IX – Thou shalt not deprive thy fellowman of knowledge
Access to knowledge and sustainable technologies
Effective participation of populations in the sustainable development processes involves keeping a wide-ranging and free public access system for required information. The planetary online connectivity that new technologies allow can be made a highway for democracy, social balance, and sustainability. The cost/benefit of generalized digital inclusion is simply unbeatable.
Communities with access to information are much more empowered and become responsible for their own development. The productive impact is immense for the small producers who begin to have direct access to various markets, both in terms of inputs and for their own products, escaping from the varied financial and commercial intermediation systems. Generalized digital inclusion is a powerful opening in the changing process which has today become indispensable. As sustained by so many analysts, we must ensure the flexibility of patents to allow universal access to information for the technological changes demanded by sustainable development. See The Zero Marginal Cost Society by Jeremy Rifkin.

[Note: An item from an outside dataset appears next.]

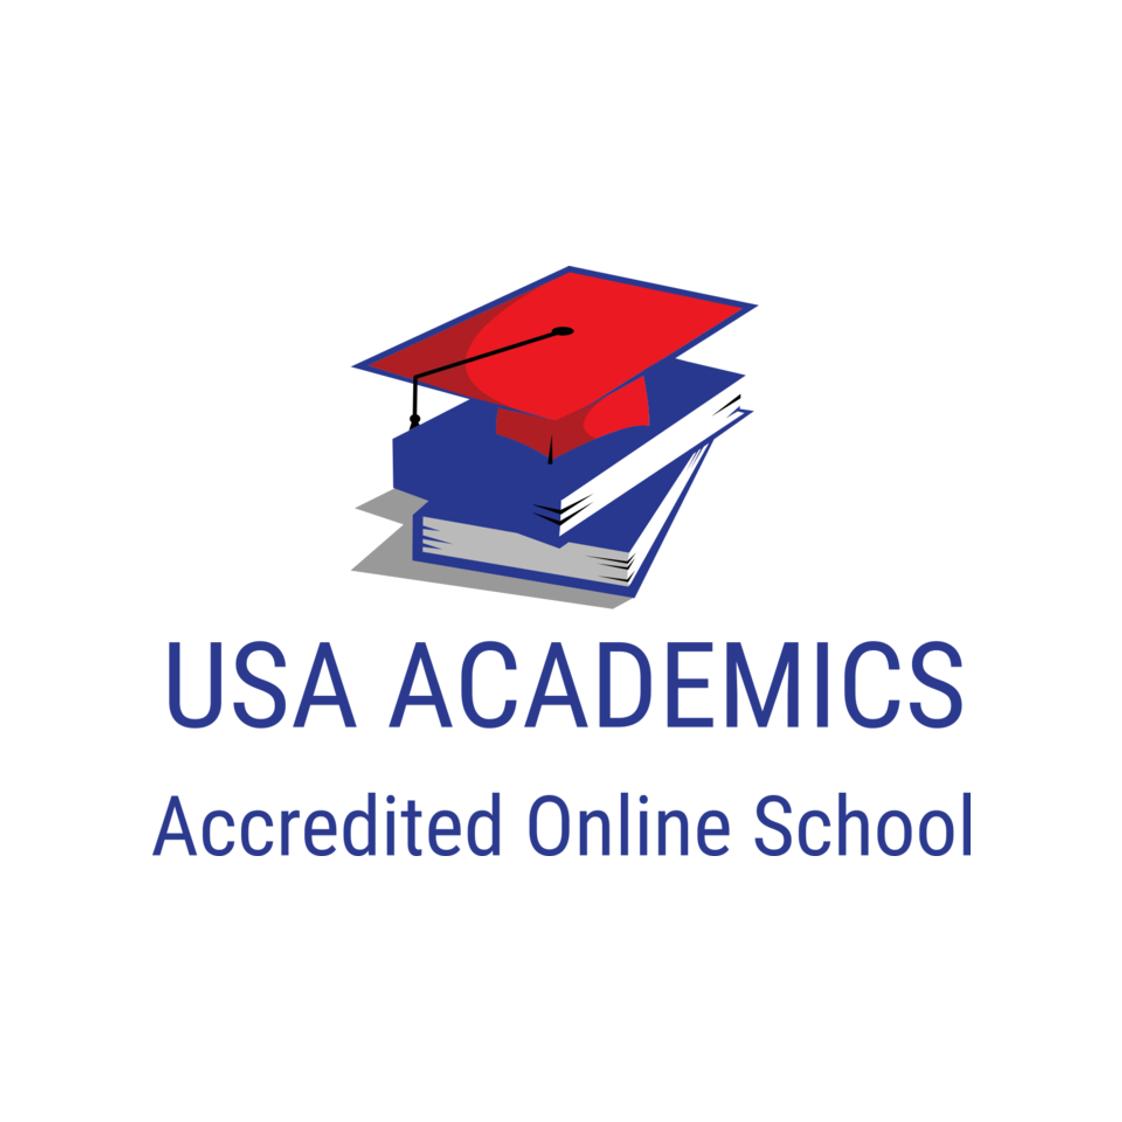 USA Academics Photo #1 - Affordable and Accredited Online School Grade 6-12. Among its extensive curriculums, USA Academics offers online Honor classes, AP classes, NCAA classes, Summer classes, Dual Diplomas, Dual Enrollment. Students and parents can choose between a Christian-based curriculum or a traditional one. Both offer the same national and state standards.

X – Thou shalt not deprive thy fellowman of his word
Democratize communication
Communication is one of the most dynamic areas in terms of its impact on social transformation. We are permanently surrounded by messages. Our children spend hours watching marketing campaigns. The communication industry, with its impressive national and international concentration of control, generated a global way of life industry and obsessive consumerism, which in turn reinforced elitism, inequality, and the waste of resources as a symbol of success. The integrated system permits the costs of media and marketing campaigns to be thrown in with the production costs of the products we are called upon to purchase, and we end up bombarded by a permanent idiotic chatter paid out of our pockets.
More recently, corporations have used this road to generate a positive image of themselves, as if they were green, nice, and concerned persons. The electromagnetic spectrum these messages use is a natural, public asset, and access to public, free, and intelligent information for the whole planet is simply on our doorstep. By gradually expanding the numerous alternative forms of communication that are popping up in so many ways, we can introduce a new culture, another vision of the world, a more diversified and less pasteurized culture, and pluralism in place of religious, political, or commercial fundamentalism. Read The Chaos Machine, by Max Fisher.
In fact, in a balanced society, everyone will live better. Tolerance for a world where 800 million go hungry, where some 6 million children die every year of preventable causes, and where the natural riches of the planet are dilapidated for the profit of irresponsible corporations and their billionaires, is growing thin.